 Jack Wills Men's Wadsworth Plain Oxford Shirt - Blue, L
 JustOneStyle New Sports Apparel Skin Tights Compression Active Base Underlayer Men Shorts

...

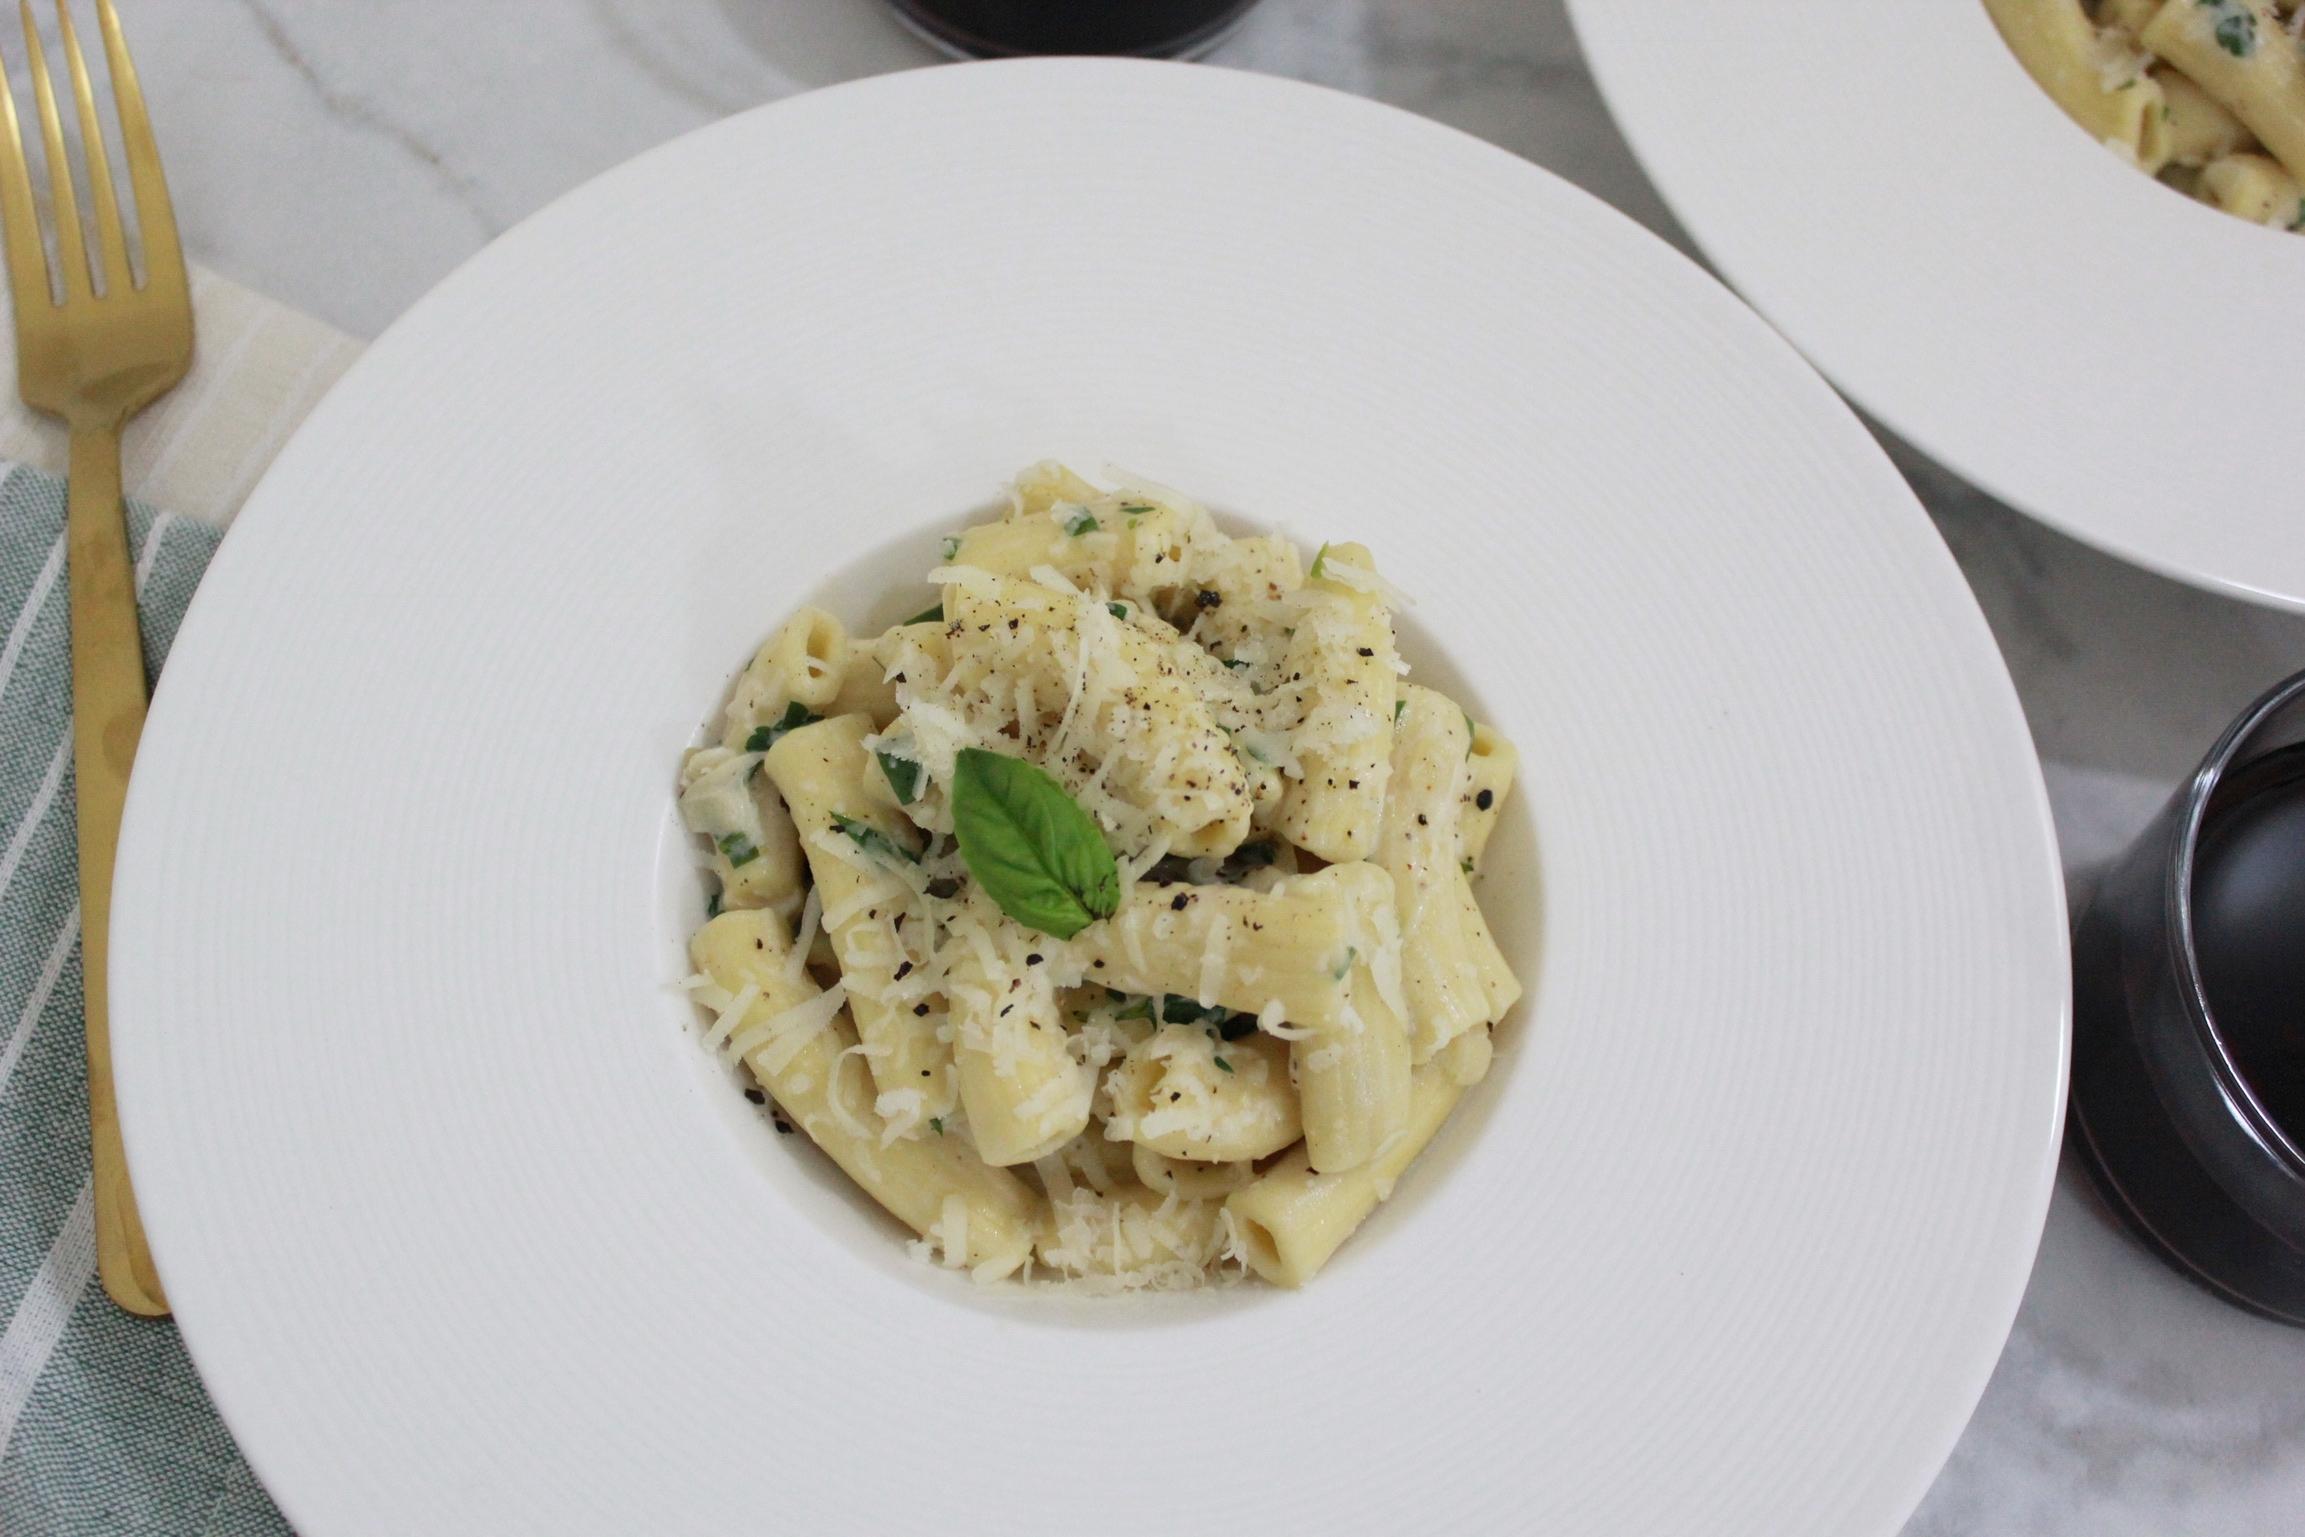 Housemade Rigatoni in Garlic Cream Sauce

---

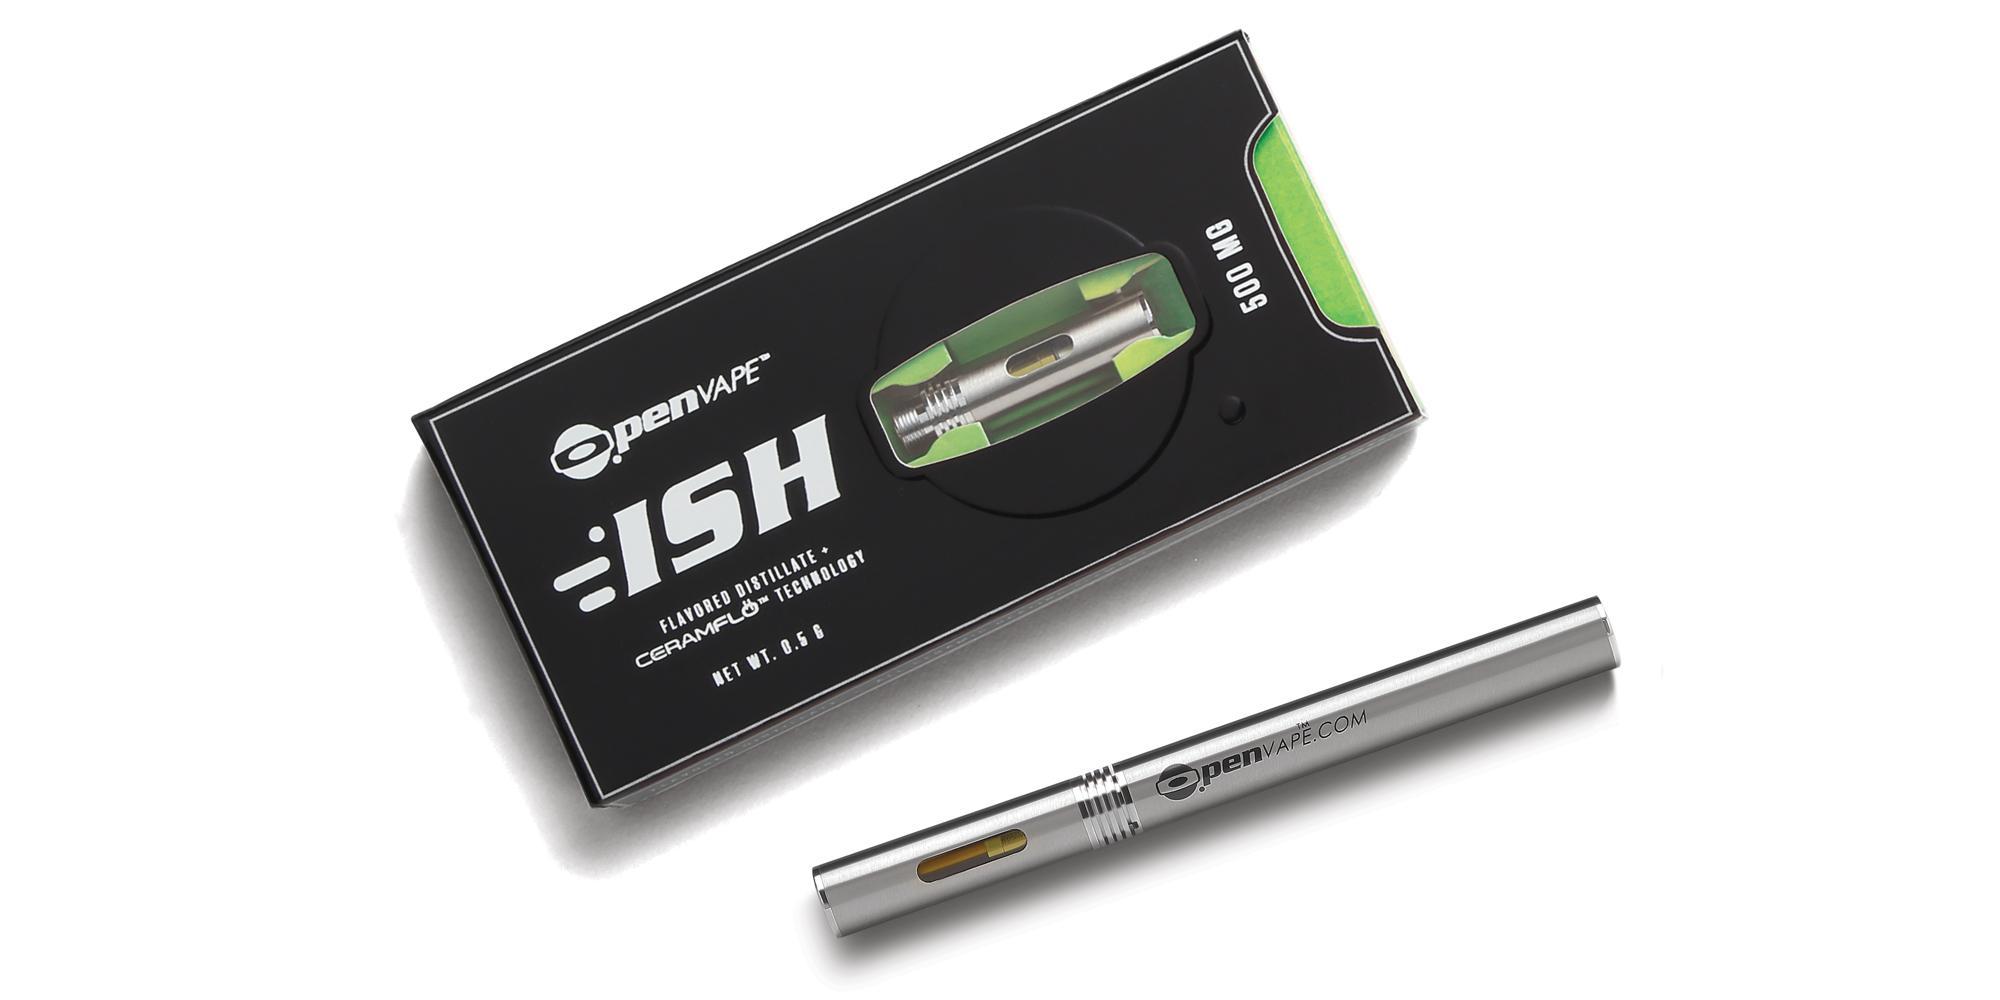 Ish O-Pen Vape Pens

• [WHAT THE TASK ASKS] Go through the material above and output exactly the lines from the one containing "Jack Wills Men's" through the one containing "JustOneStyle New Sports".

• [RESULT OF THIS TASK]
 Jack Wills Men's Wadsworth Plain Oxford Shirt - Blue, L
 JustOneStyle New Sports Apparel Skin Tights Compression Active Base Underlayer Men Shorts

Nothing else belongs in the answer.